**TASK DIRECTIONS**
For this exercise, return all the data word for word, with images left out.

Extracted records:
* * *
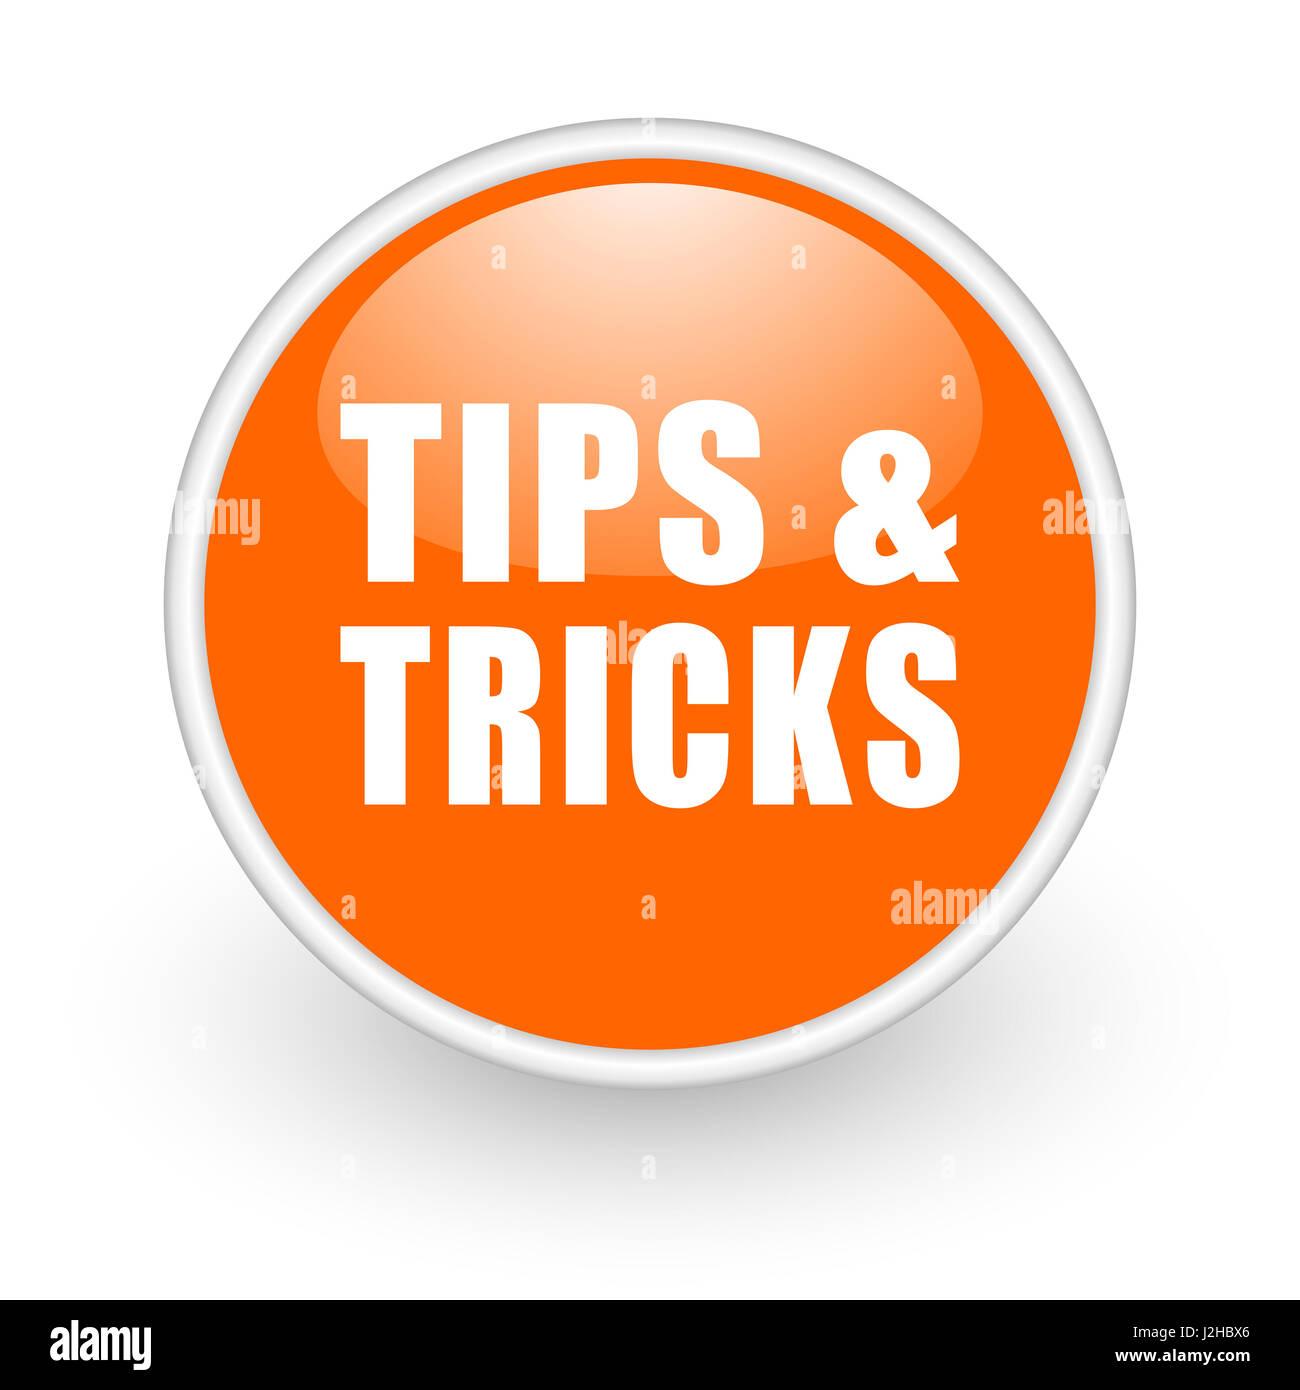 Designer Tips And Tricks For: Tips Tricks Icon Stock Photos & Tips Tricks Icon Stock
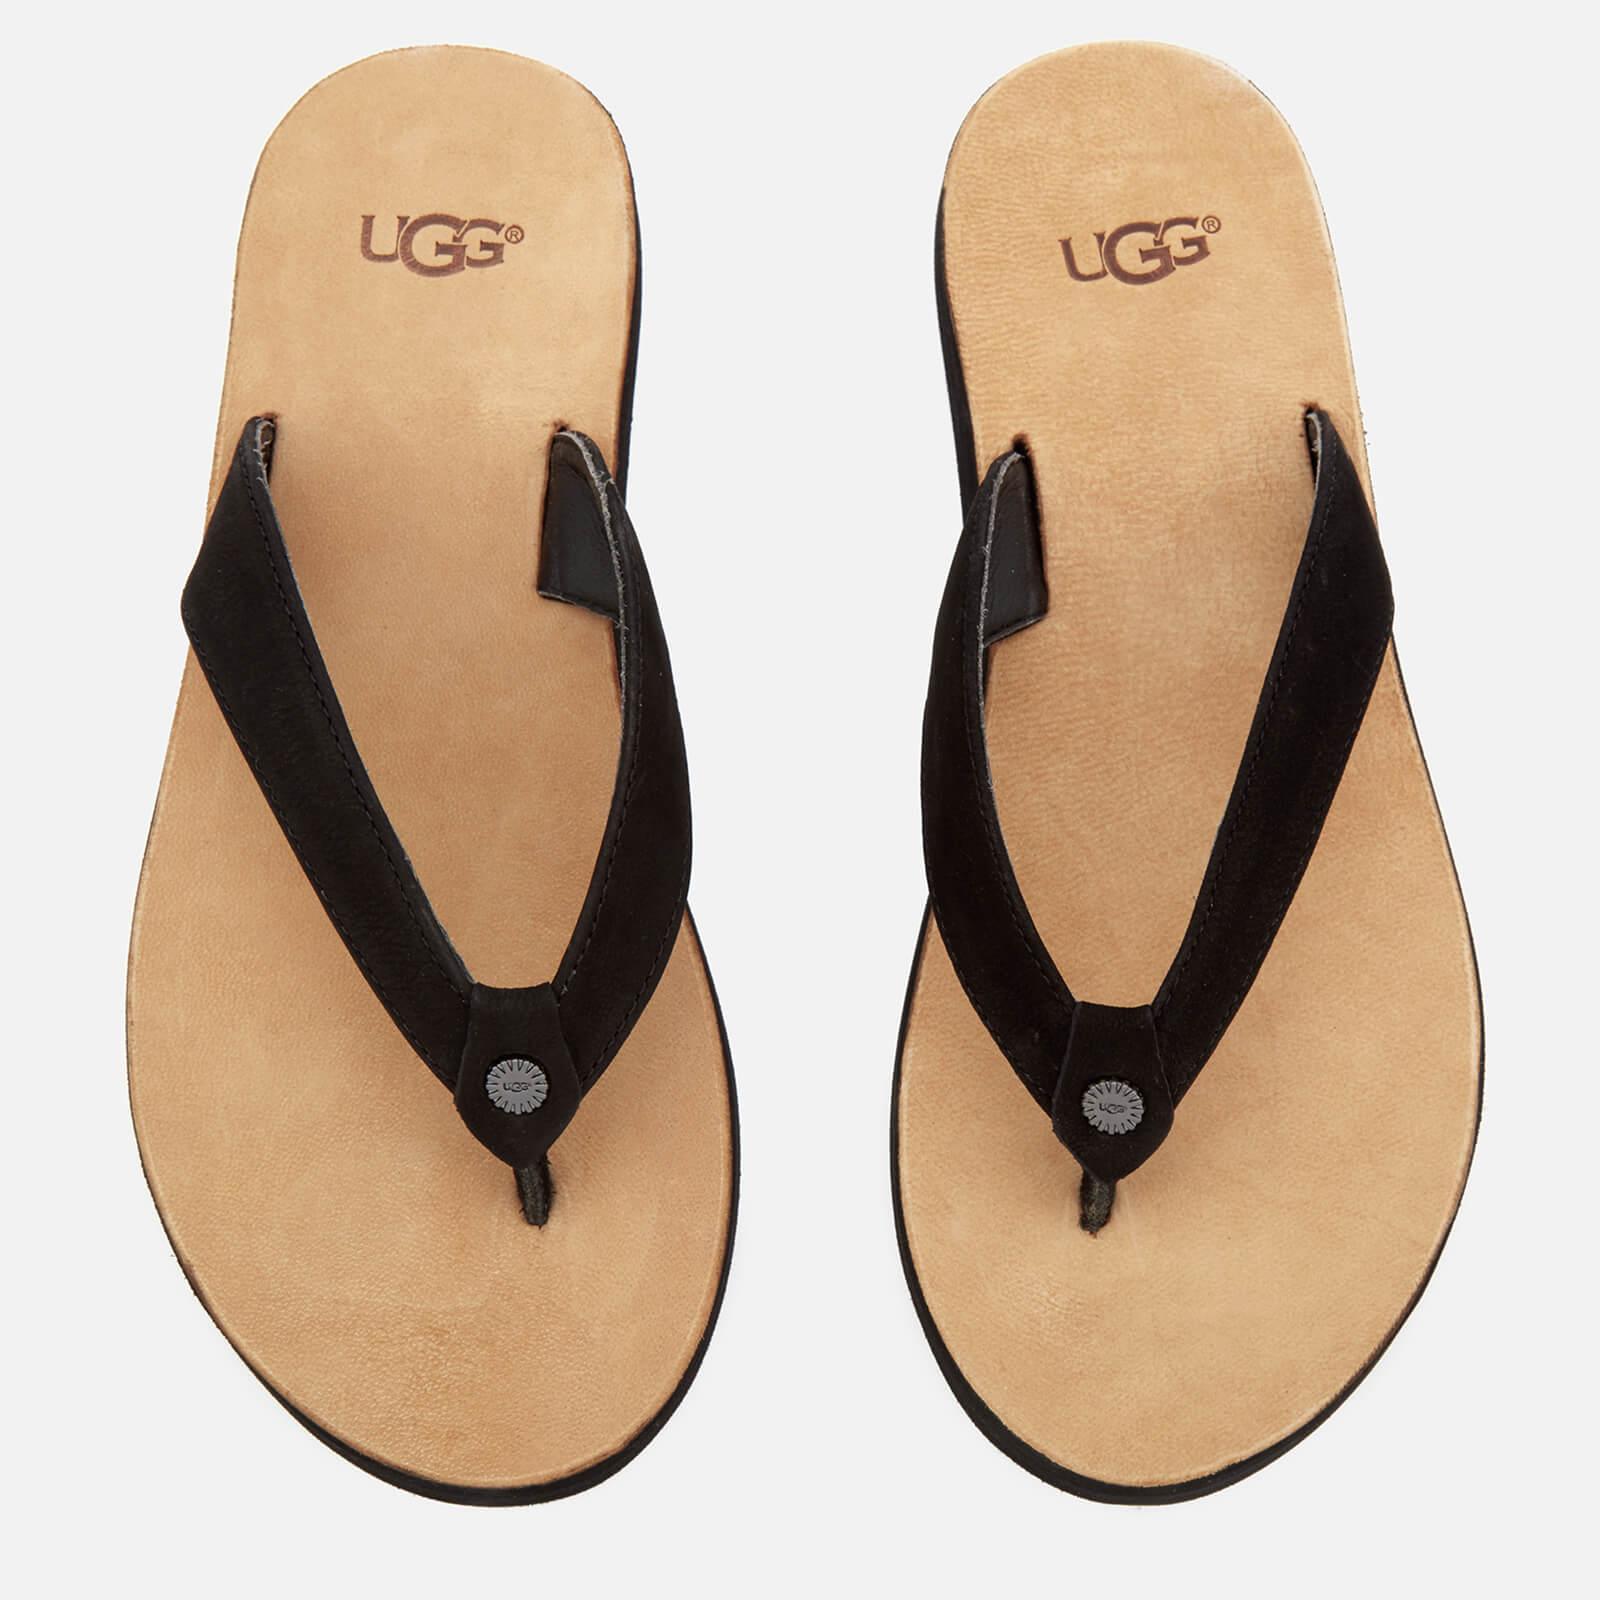 b7682e278a10 UGG Women s Tawney Flip Flops - Black
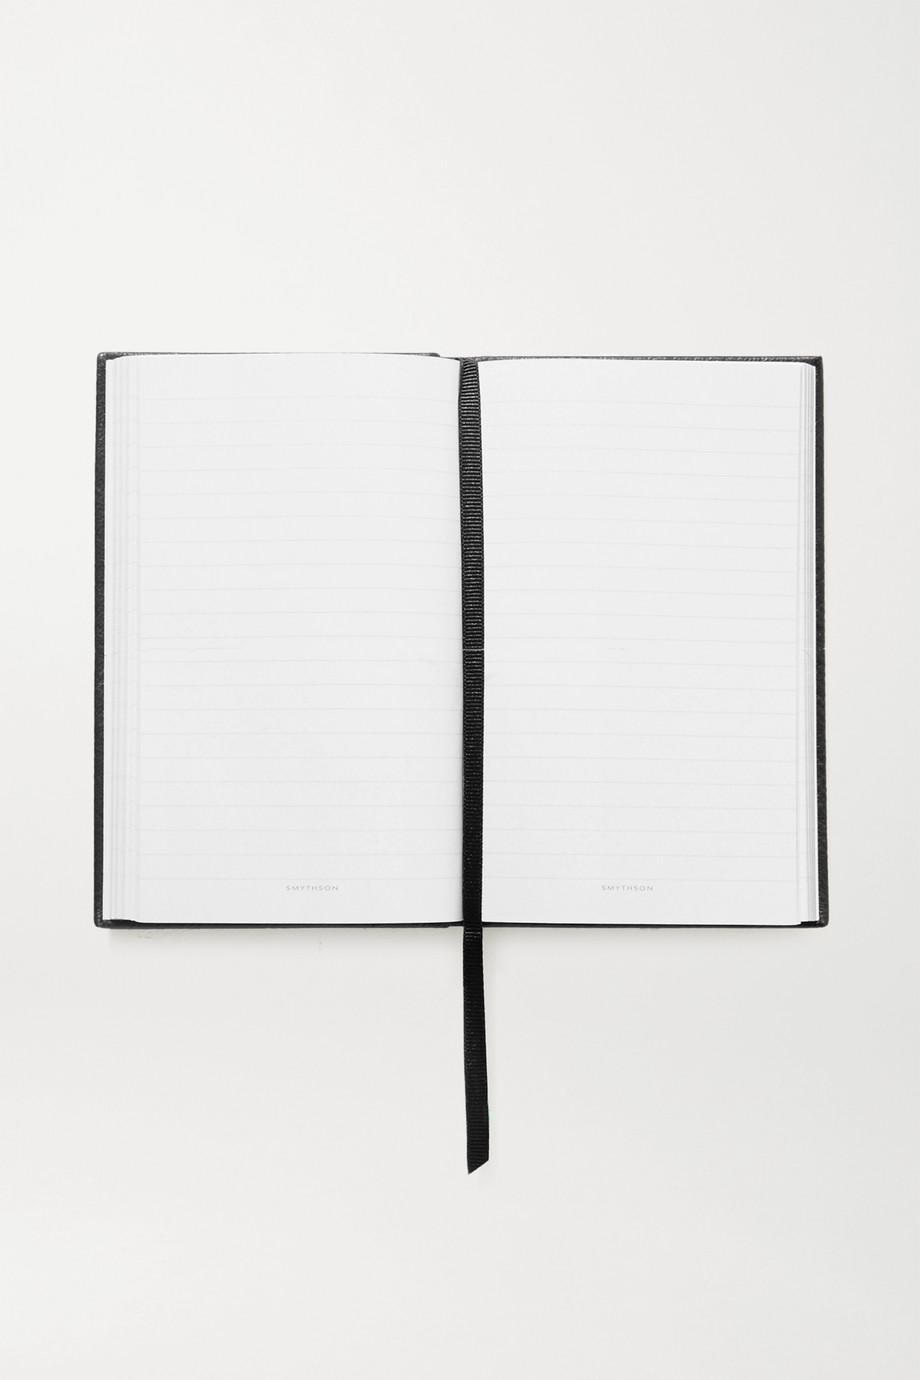 Smythson + NET-A-PORTER Notizbuch aus strukturiertem Leder
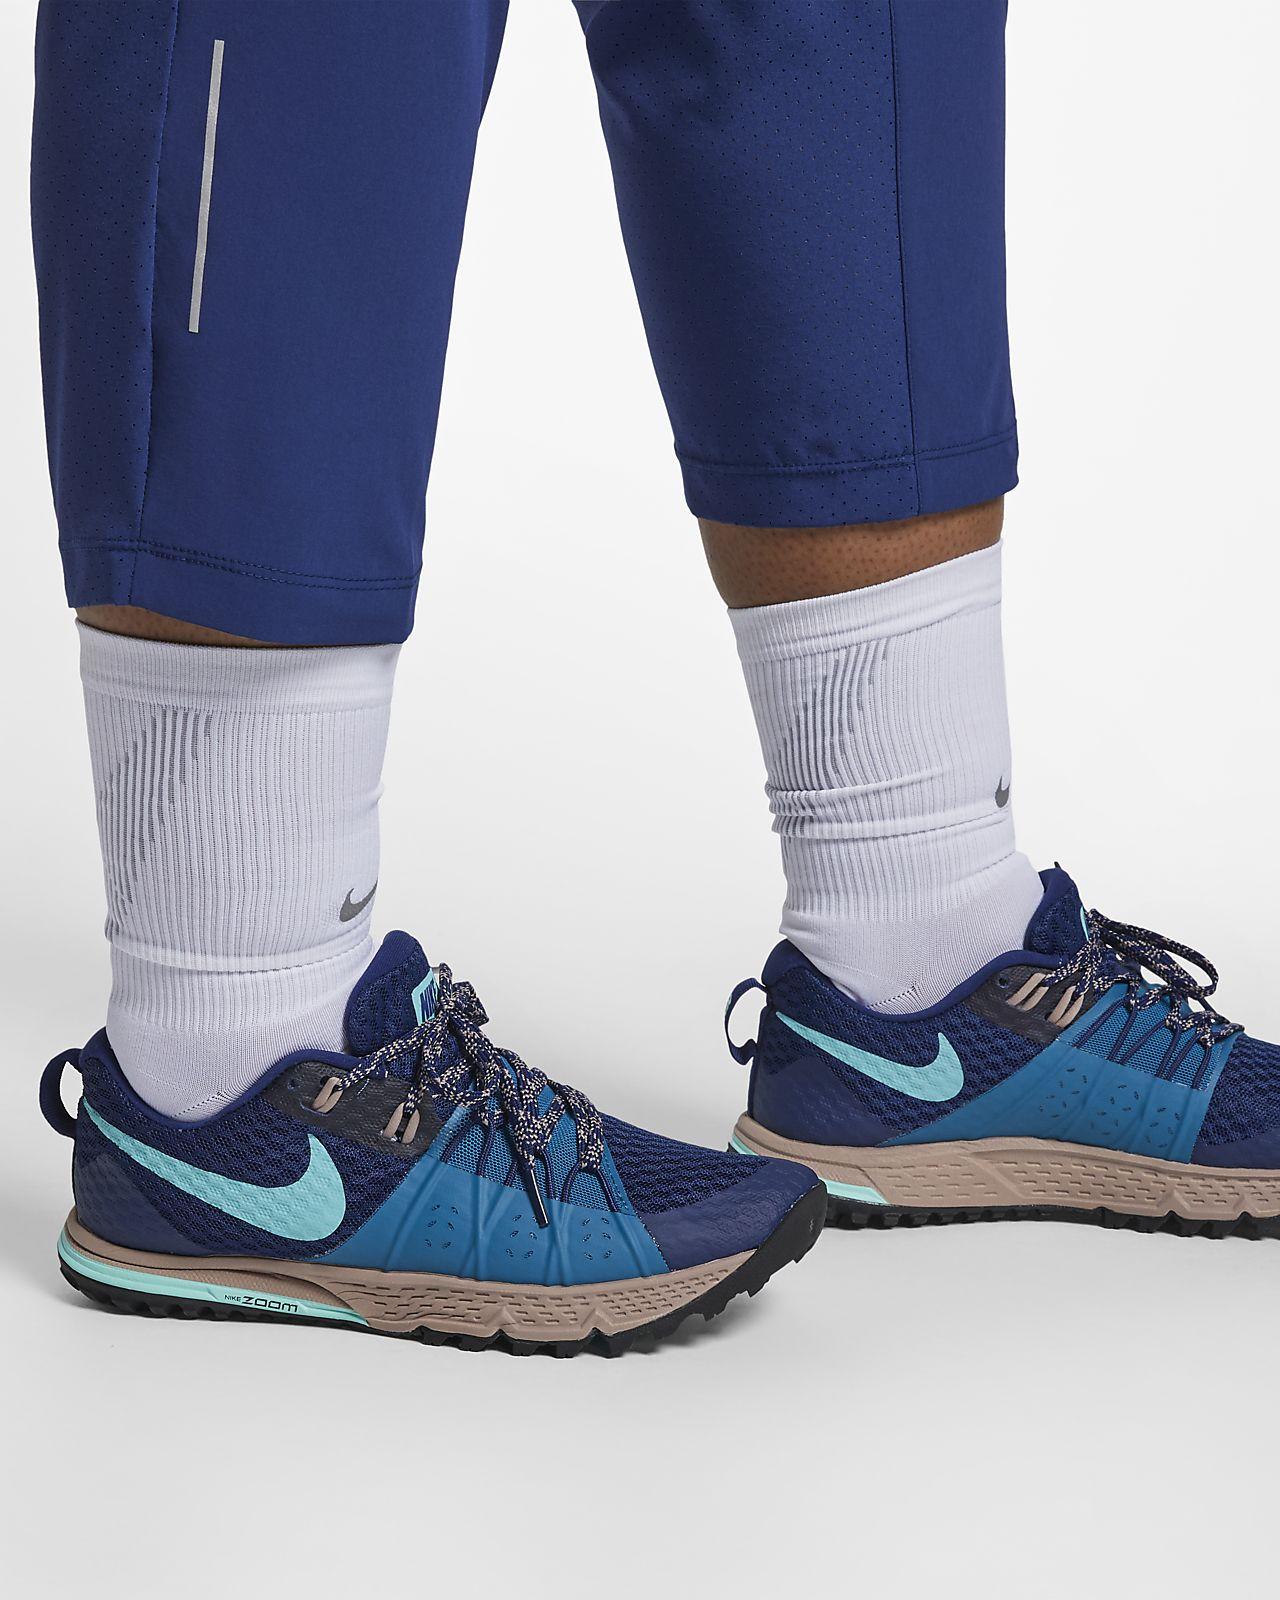 Pantaloni Nike Flex Essential Blu Da Corsa Uomo Outlet
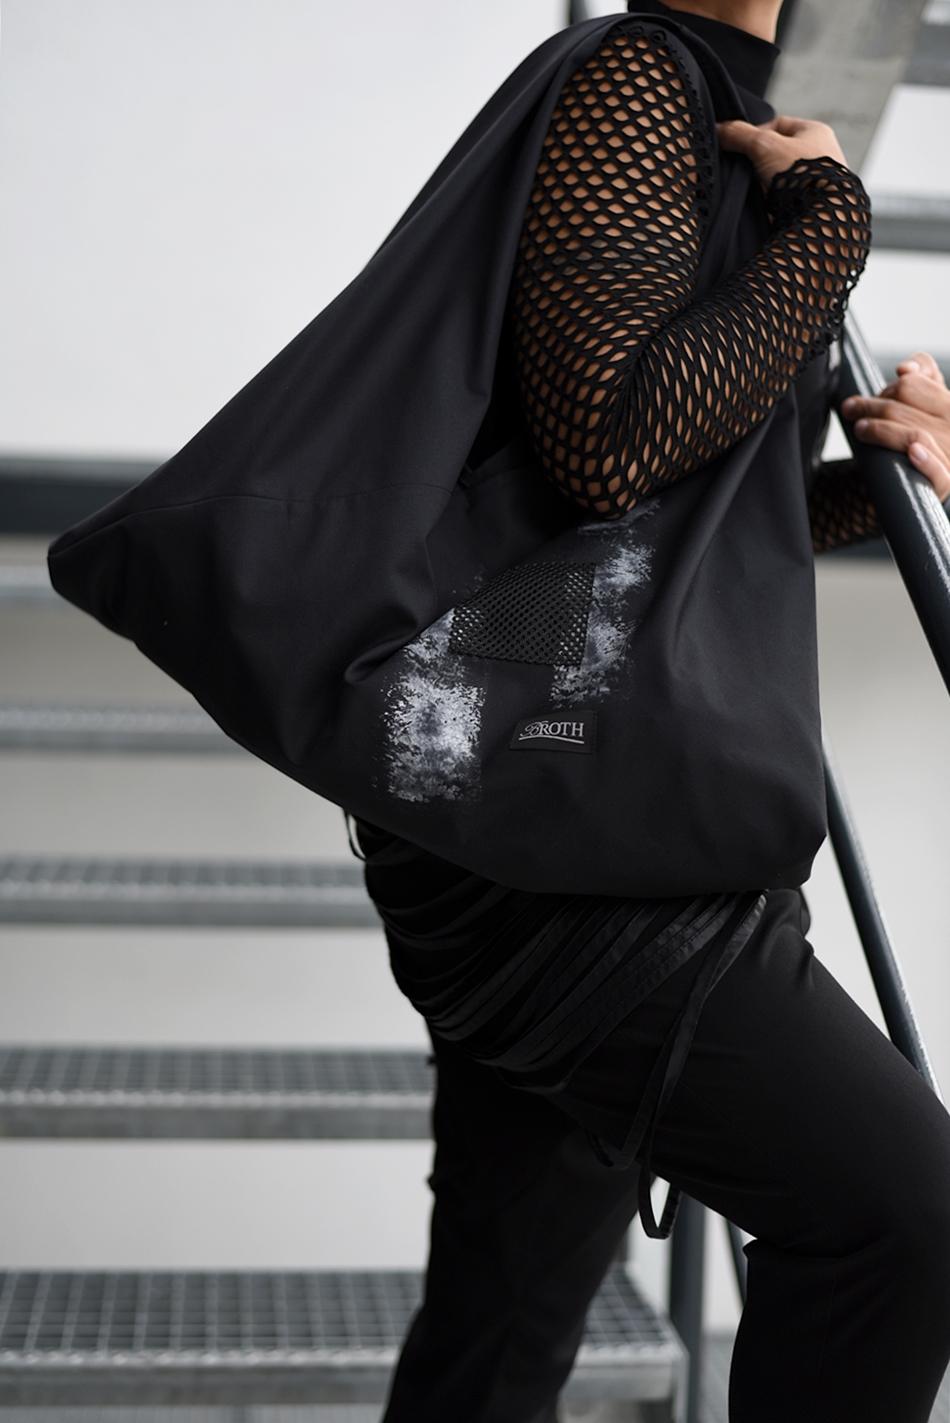 Broth_design_clothes_055
* * *
**WRITTEN ANSWER**
 Designer Tips And Tricks For: Tips Tricks Icon Stock Photos & Tips Tricks Icon Stock
 b7682e278a10 UGG Women s Tawney Flip Flops - Black
 Smythson + NET-A-PORTER Notizbuch aus strukturiertem Leder
 Pantaloni Nike Flex Essential Blu Da Corsa Uomo Outlet
 Broth_design_clothes_055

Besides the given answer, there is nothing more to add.